Nothing says back-to-school like a new desktop PC with a 4K panel. At least, that’s what HP thinks this season. The company has announced re-skinned desktops and a new all-in-one PC aimed at the student crowd.
The other big news, whether HP intended it or not, is the public acknowledgment of AMD’s unannounced Radeon R9 380 GPU, which will be featured in HP’s top-of-the-line, gamer-focused mid-tower, the Envy Phoenix. Exact details of the new card aren’t known, and HP officials declined to say much about it other than its model name.
The new hardware also debuts a distinctive look for the front panel. In a departure from the conventional stacked look of most desktop PCs, the new towers squeeze laptop-size drives and other accessories into a single, vertical opening. It’s mostly a cosmetic change, but one that stands out from the crowd.
Why this matters: There’s more than usual riding on HP’s raft of new laptops and desktops. Shortly after the kids tote all this tech to class, HP’s computers and printers division will be leaving the corporate mother ship. HP has this crop and any holiday additions to show the world that it’s ready to survive—and conceivably, thrive—as an independent company.
Envy Phoenix: good specs for gamers
As HP’s top-of-the-line gaming desktop, the $899 Envy Phoenix will feature closed-looped liquid cooling. To make the most of that, HP will also offer unlocked Intel CPUs, and the company said the machines will come from the factory with overclocking options.
Although aimed at gamers and spec’d fairly aggressively, the machine isn’t completely over-the-top. The PC is a mid-tower with a Micro ATX motherboard. At best—and I’m not even sure it’s supported—the machine could potentially support two graphics cards for gaming.
HP old adversary Dell, however, offers gaming machines through its Alienware brand with up to three GPUs aboard. HP also has no answer to Alienware’s popular Alienware X51 micro-tower, nor the company’s mini gaming box.
The new Envy Phoenix will offer audio processing from Bang & Olufsen, which is HP’s new partner for sound technology in its laptop and desktops. The company previously had an extensive partnership with Beats audio, but Apple’s purchase of Beats put an end to that.

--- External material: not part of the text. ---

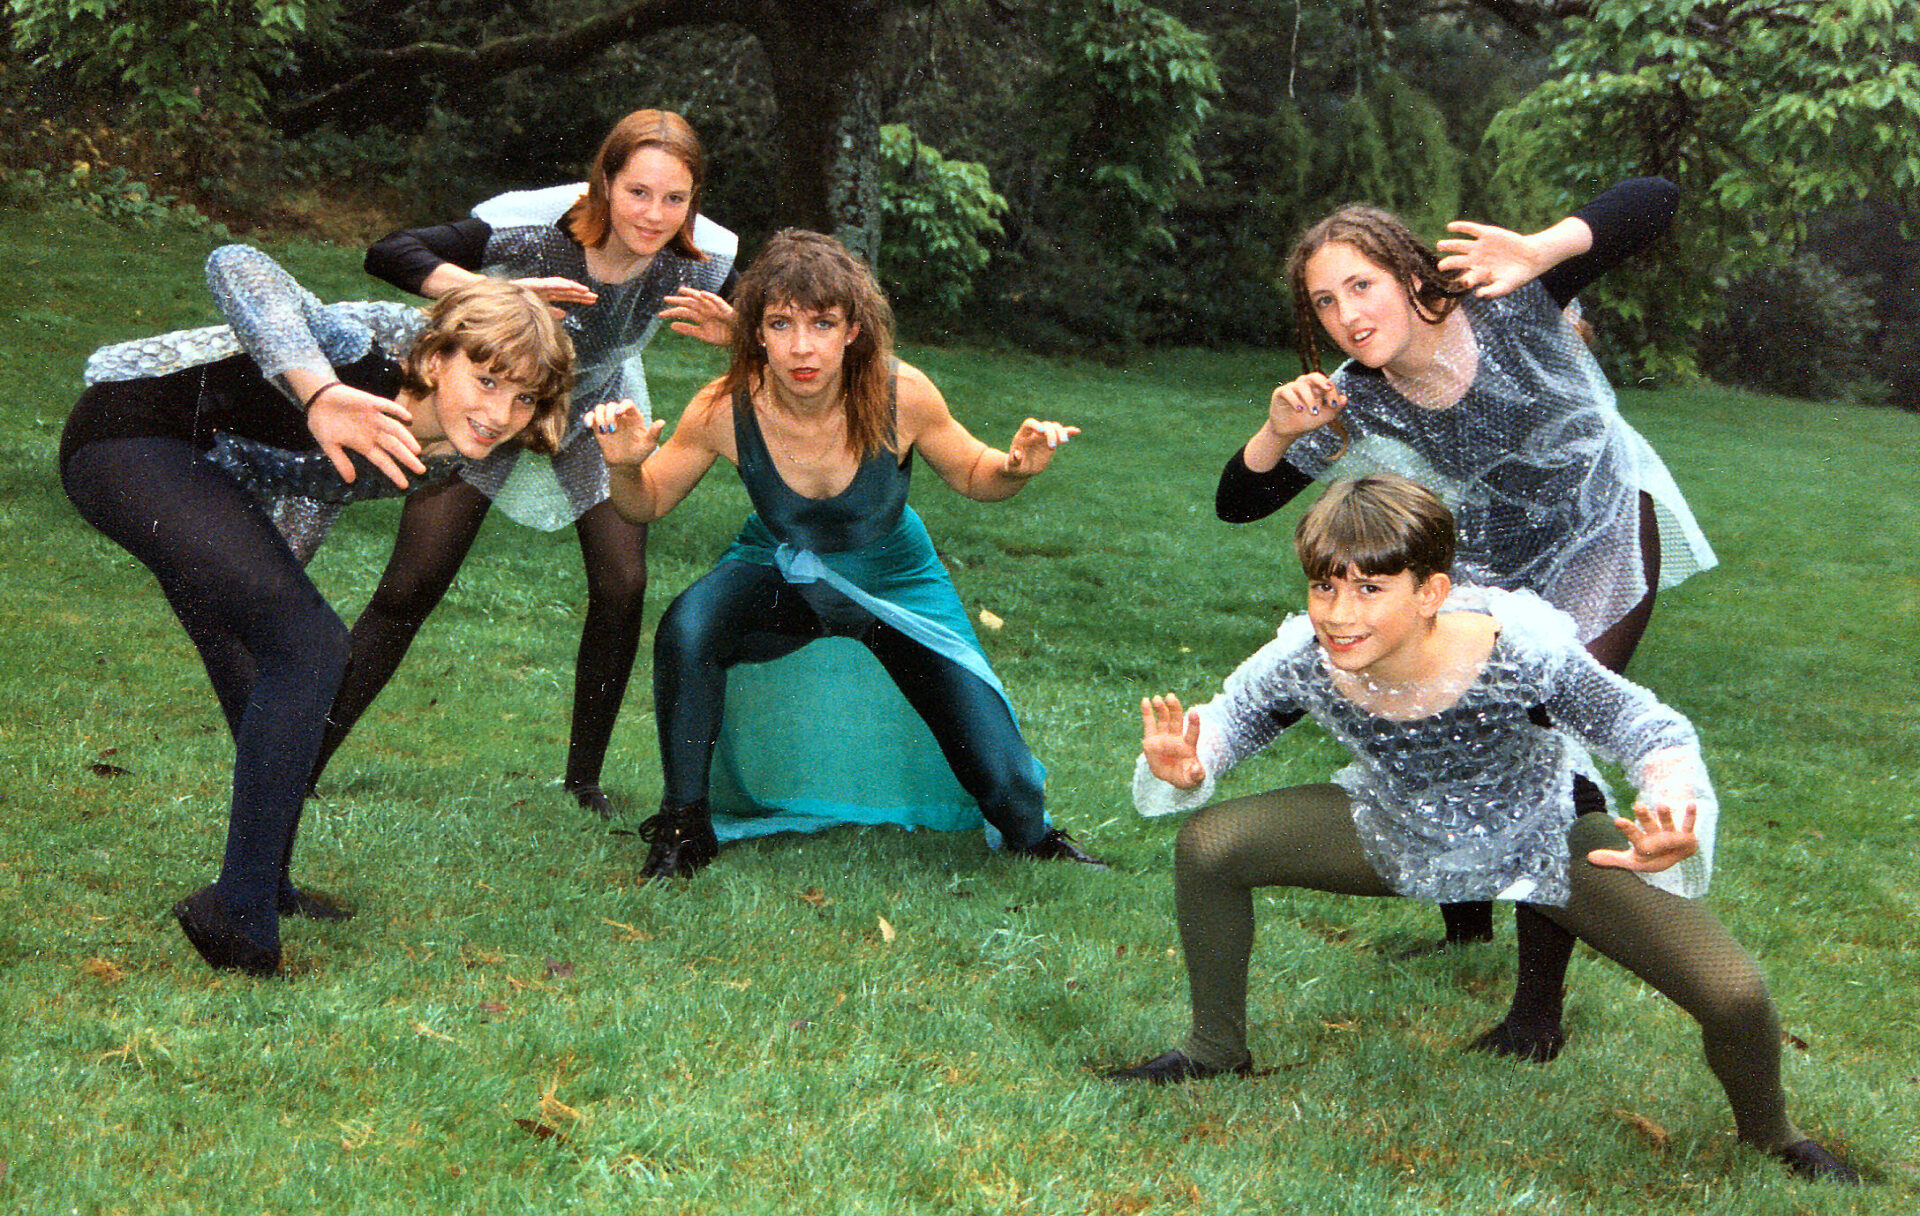 Goliards Midsummer Night's Dream,  with faeries, Anna, Megan, Pru, Danielle   & Gabriel (?)

Moving down from the Envy Phoenix, HP is also introducing its normal Envy, starting at $699 without the liquid cooling, and with options for both Intel and AMD APUs. One step down from that gets you the Pavilion line, pictured at top in its array of brightly colored, vertically-oriented cases. The main differences between the Pavilion and Envy that we can see are in pricing (the Pavilions start at $450) and internal component performance.
Pavilion All-in-One features edge-to-edge glass
HP’s other desktop announcement was its Pavilion All-in-One featuring edge-to-edge glass. There’s still a bezel, but the glass goes all the way to the edge. Although there were thoughts of ejecting optical, HP said its customers continue to want it, so a 9.5mm mobile drive is offered.
The Pavilion comes in three display sizes: a 21.5-inch model for $600, a 23-inch model for $699, and a 27-inch model (pricing yet to be announced). All sport touch and 1920×1080-resolution displays. For processing power, the new Pavilion will offer everything from Celeron to Core i7, as well as everything from A4 to A10 in AMD APUs. They will offer offer discrete GPU options too, using AMD’s no-longer-so-secret Radeon R9 GPUs.
The last announcement is a new Spectre Studio Display. This 32-inch panel cost $999 and sports a 3840×2160 resolution. On inputs, the monitor uses the latest HDMI 2.0 input, which supports 4K resolution at 60Hz, as well as a standard HDMI 1.4 port and a DisplayPort 1.2 input.
Because few have access to native 4K content, HP says the monitor features an upscaler to make standard 1080p content “look great” at 4K resolution. The final trick the Spectre Studio Display offers is support for two simultaneous inputs to be viewed at once side-by-side.
HP didn’t say what the panel technology was, but its 178-degree wide viewing angle implies IPS or IPS-like technology.